Exercise data:
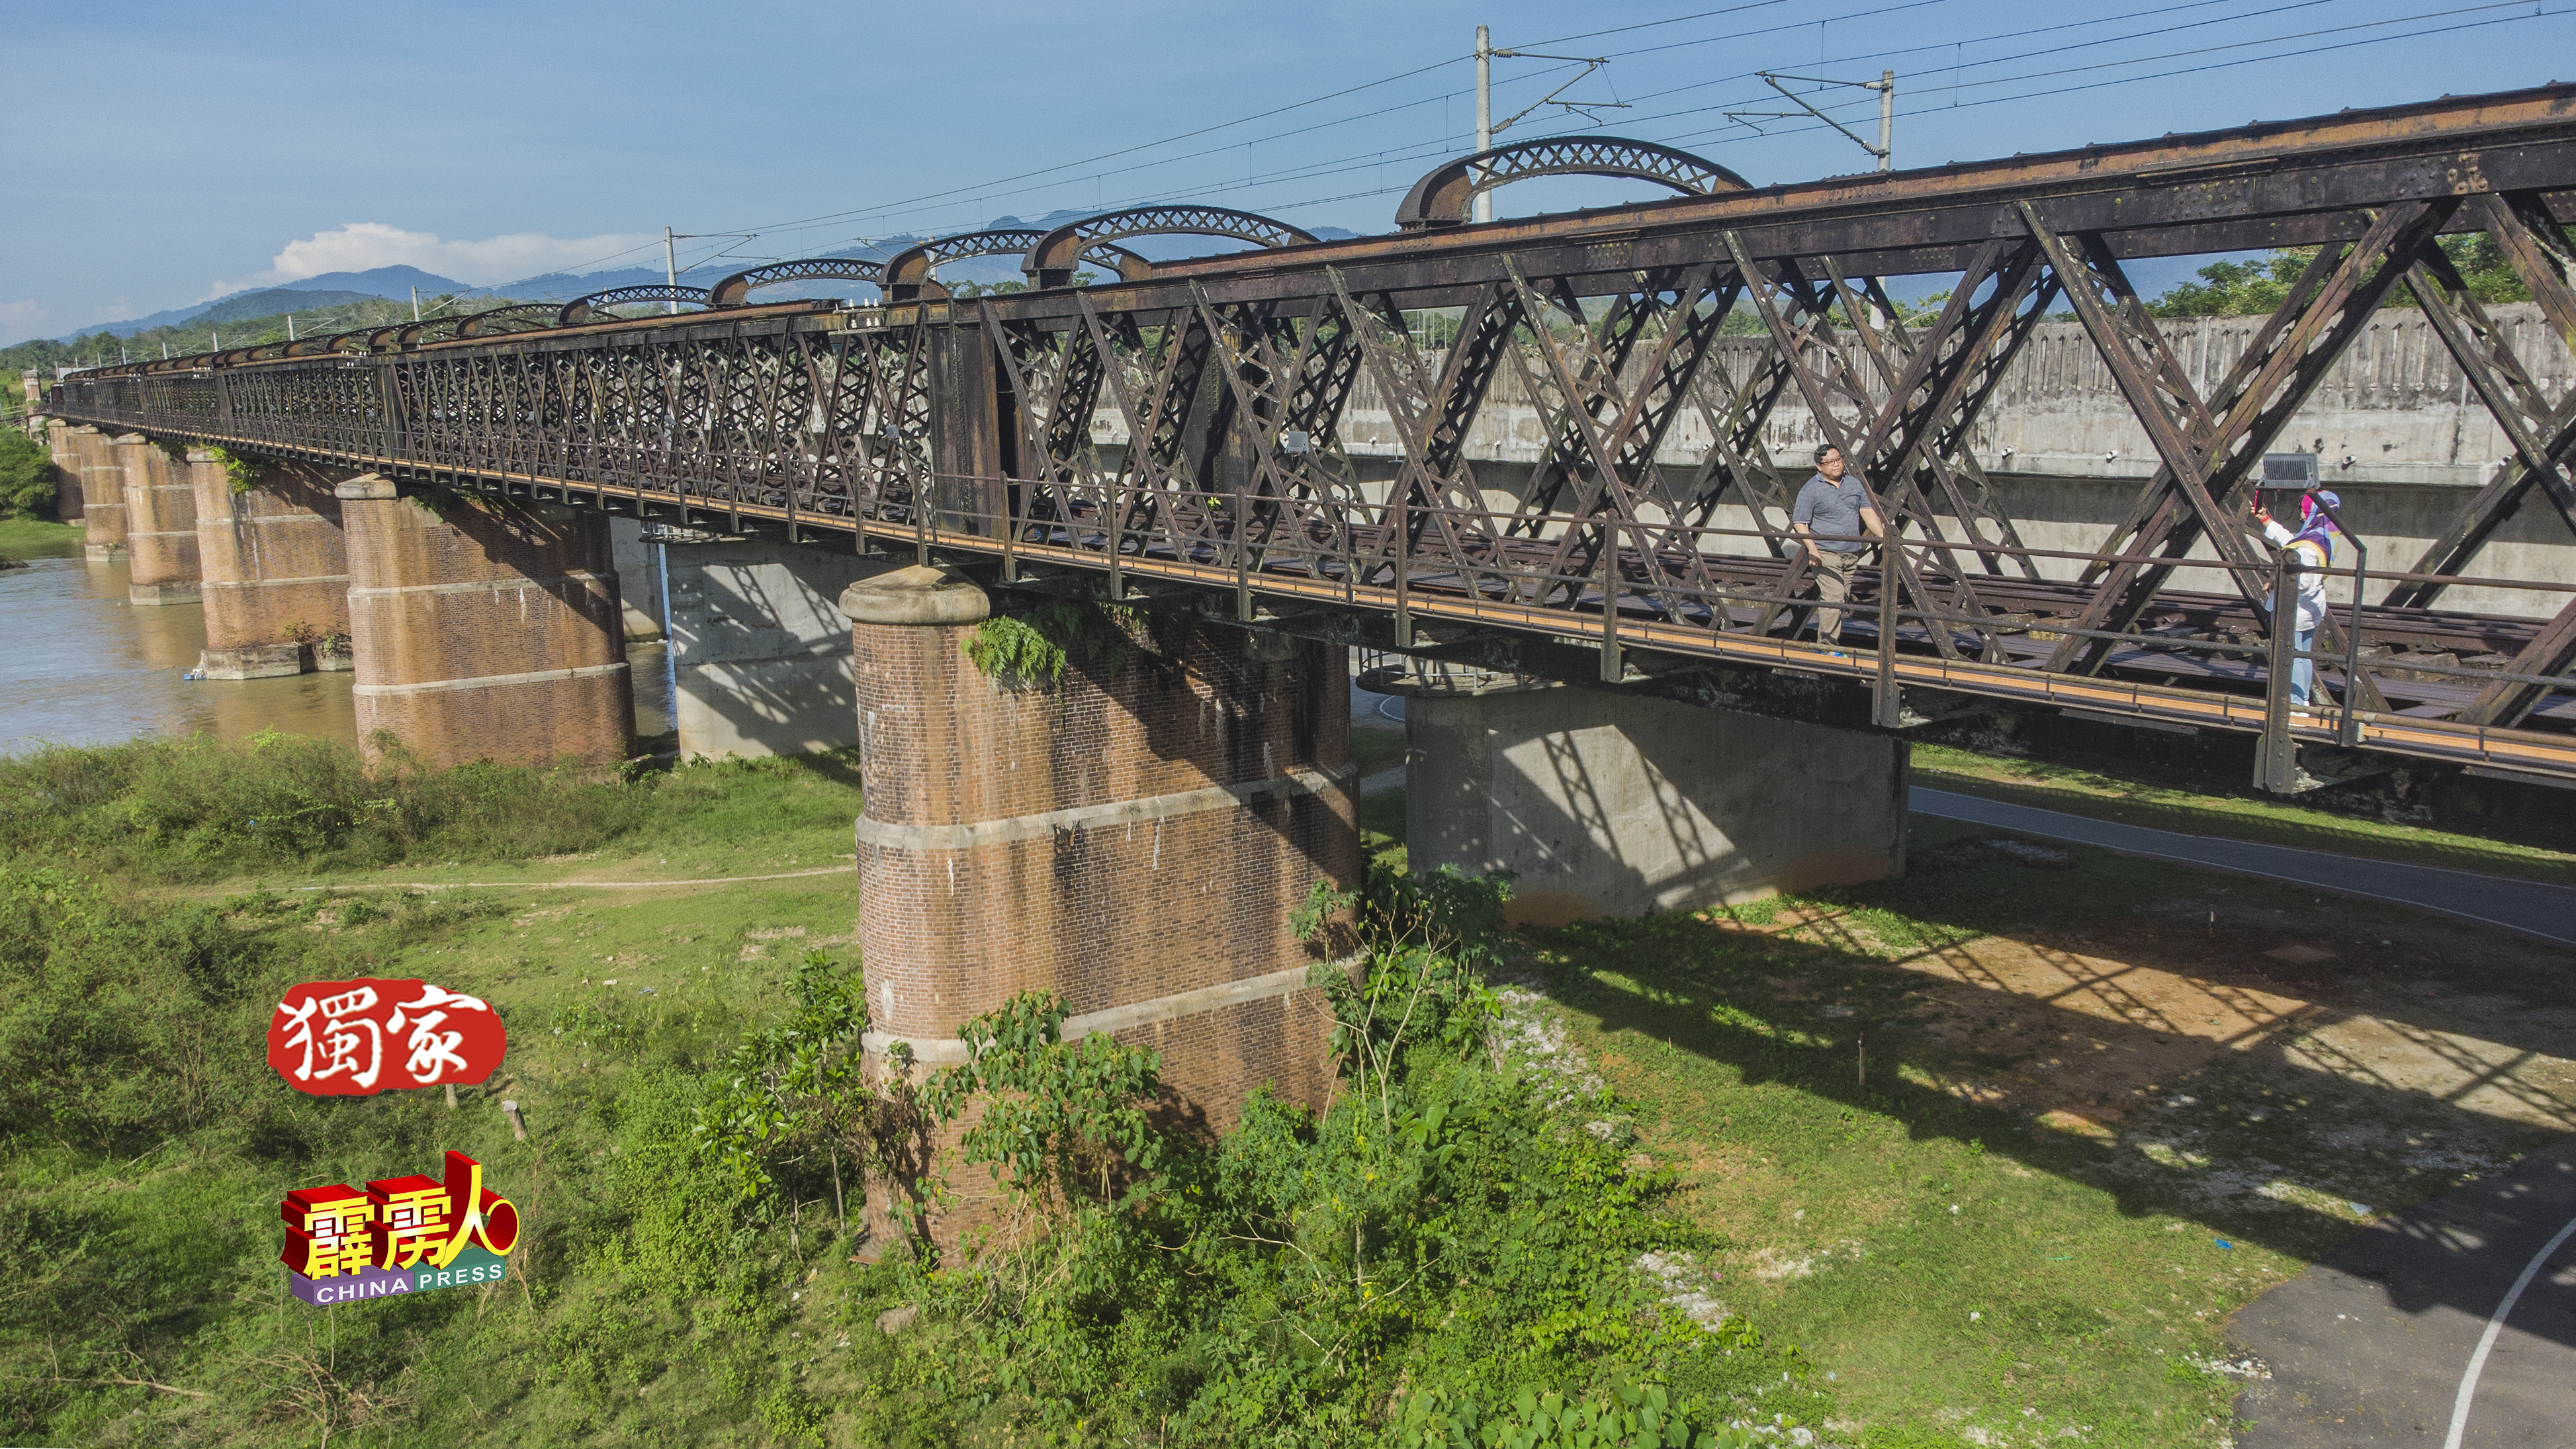 江沙宁罗的维多利亚百年火车桥，是霹雳州近年来掘起的旅游点，许多游客慕名而来。
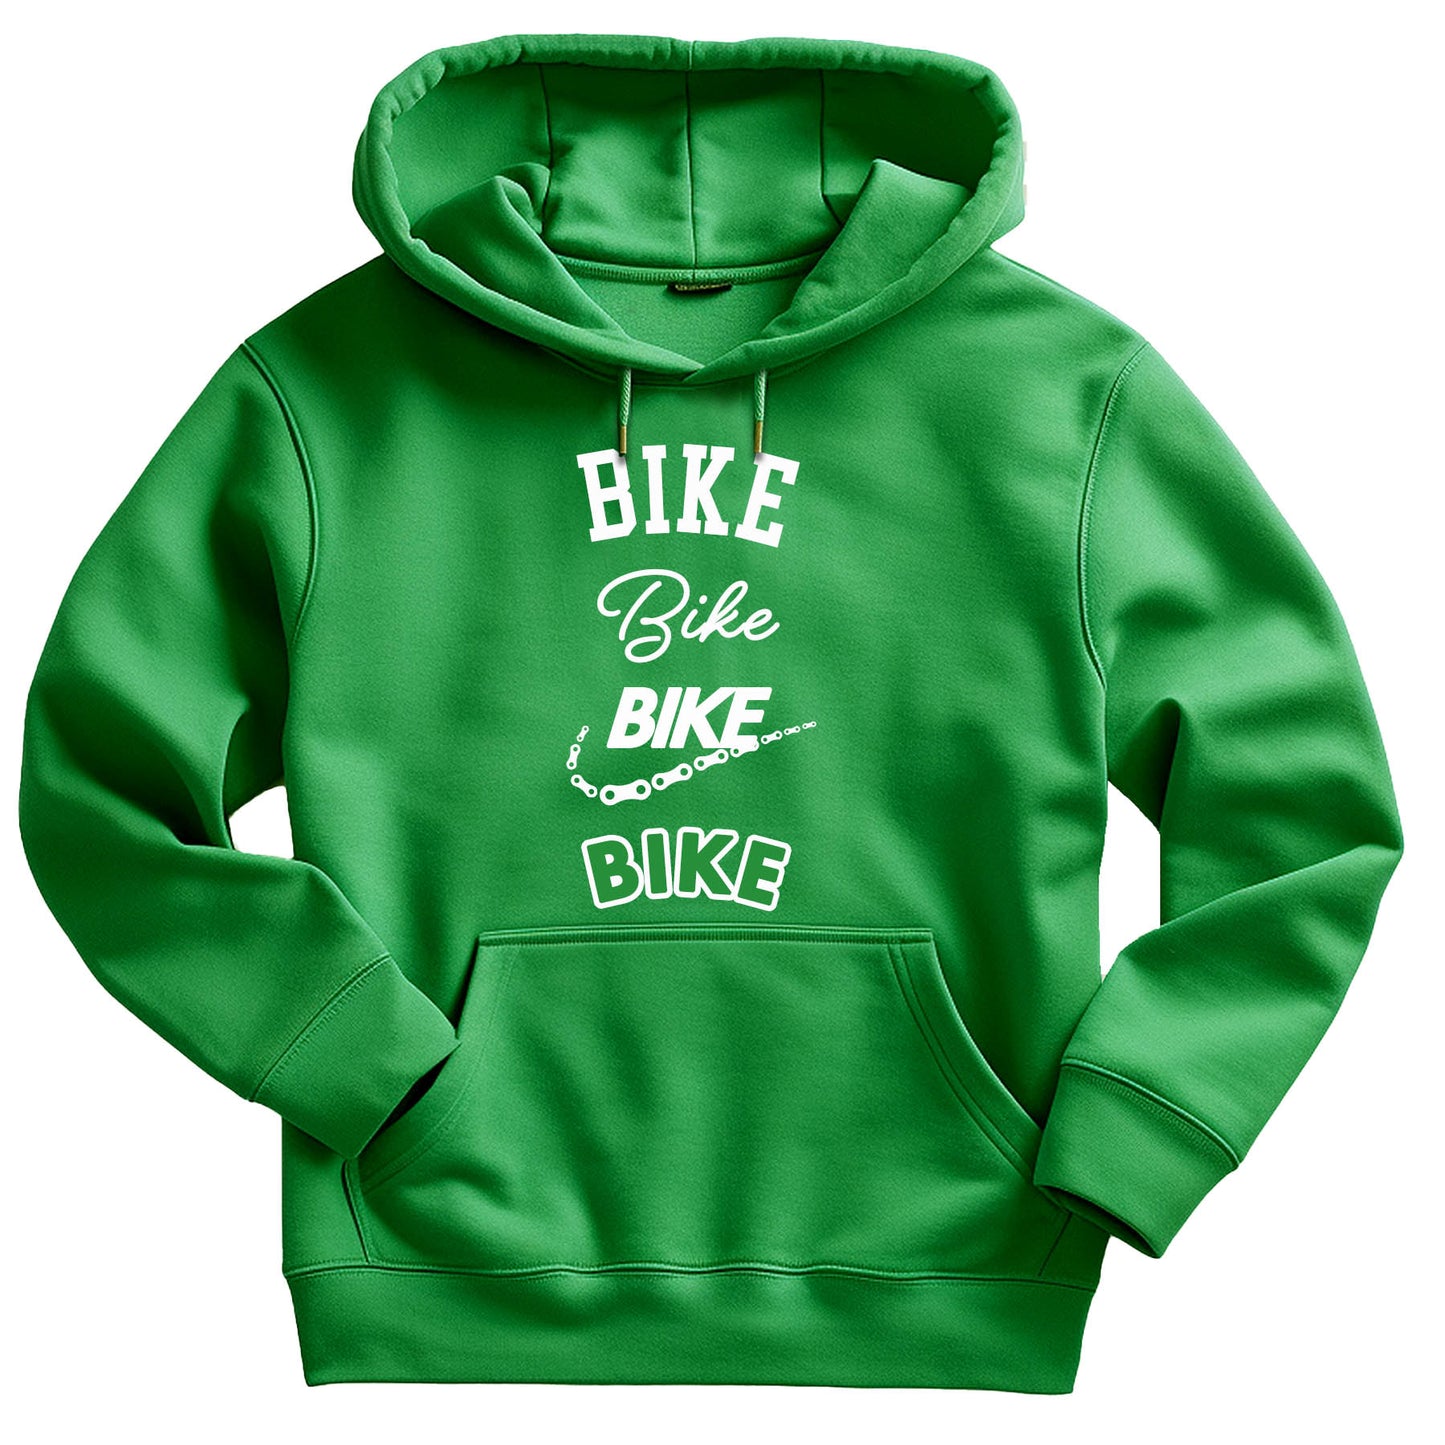 Bike Bike Bike Bike Sweatshirts
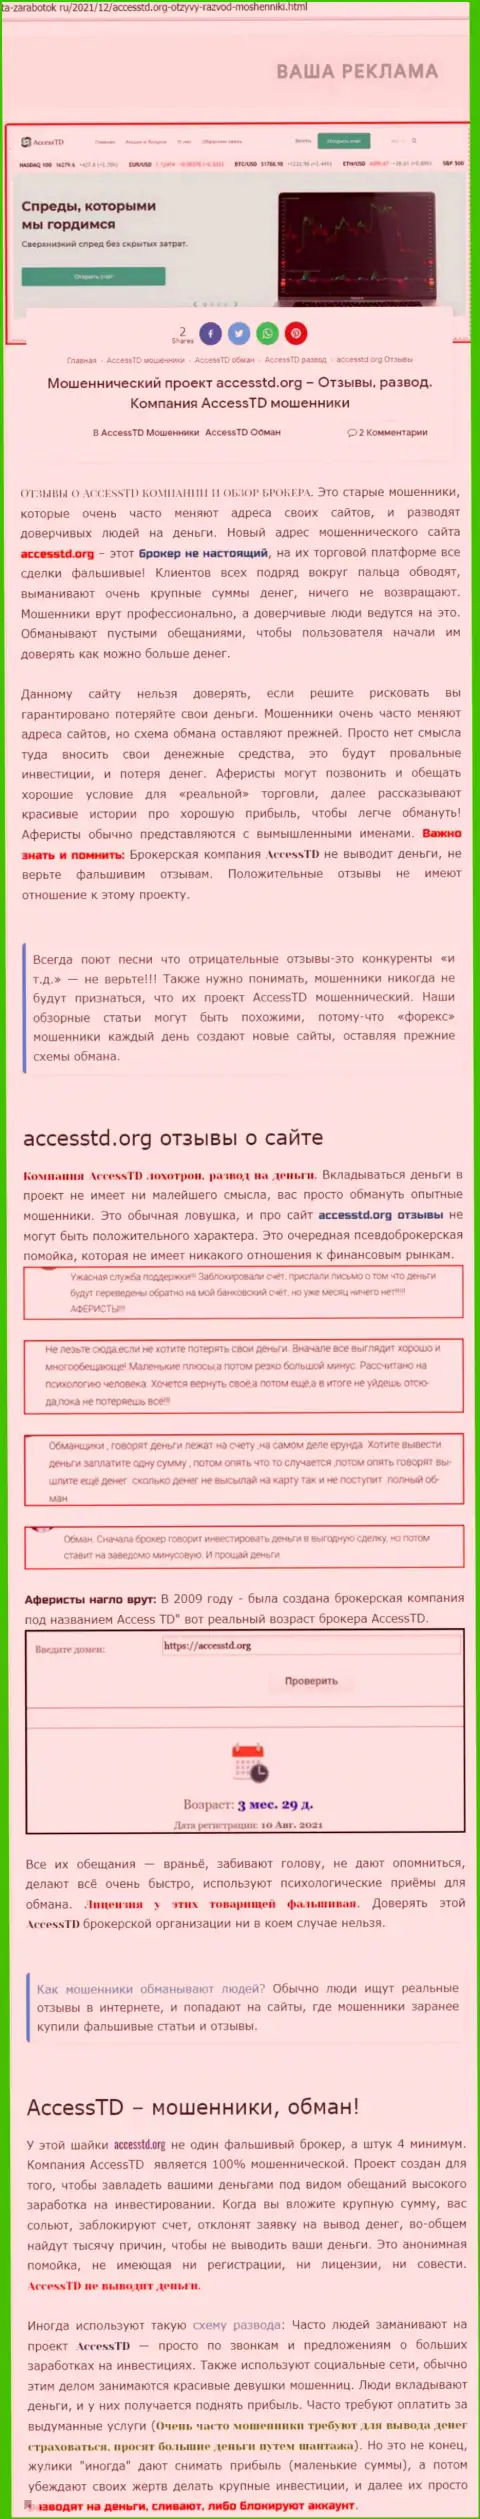 AccessTD - это МОШЕННИКИ !!! Обзор компании и отзывы пострадавших

Task prompt: Leaving out the pictures, transcribe the material above exactly.

Task response:
 江沙宁罗的维多利亚百年火车桥，是霹雳州近年来掘起的旅游点，许多游客慕名而来。
 Bike Bike Bike Bike Sweatshirts
 AccessTD - это МОШЕННИКИ !!! Обзор компании и отзывы пострадавших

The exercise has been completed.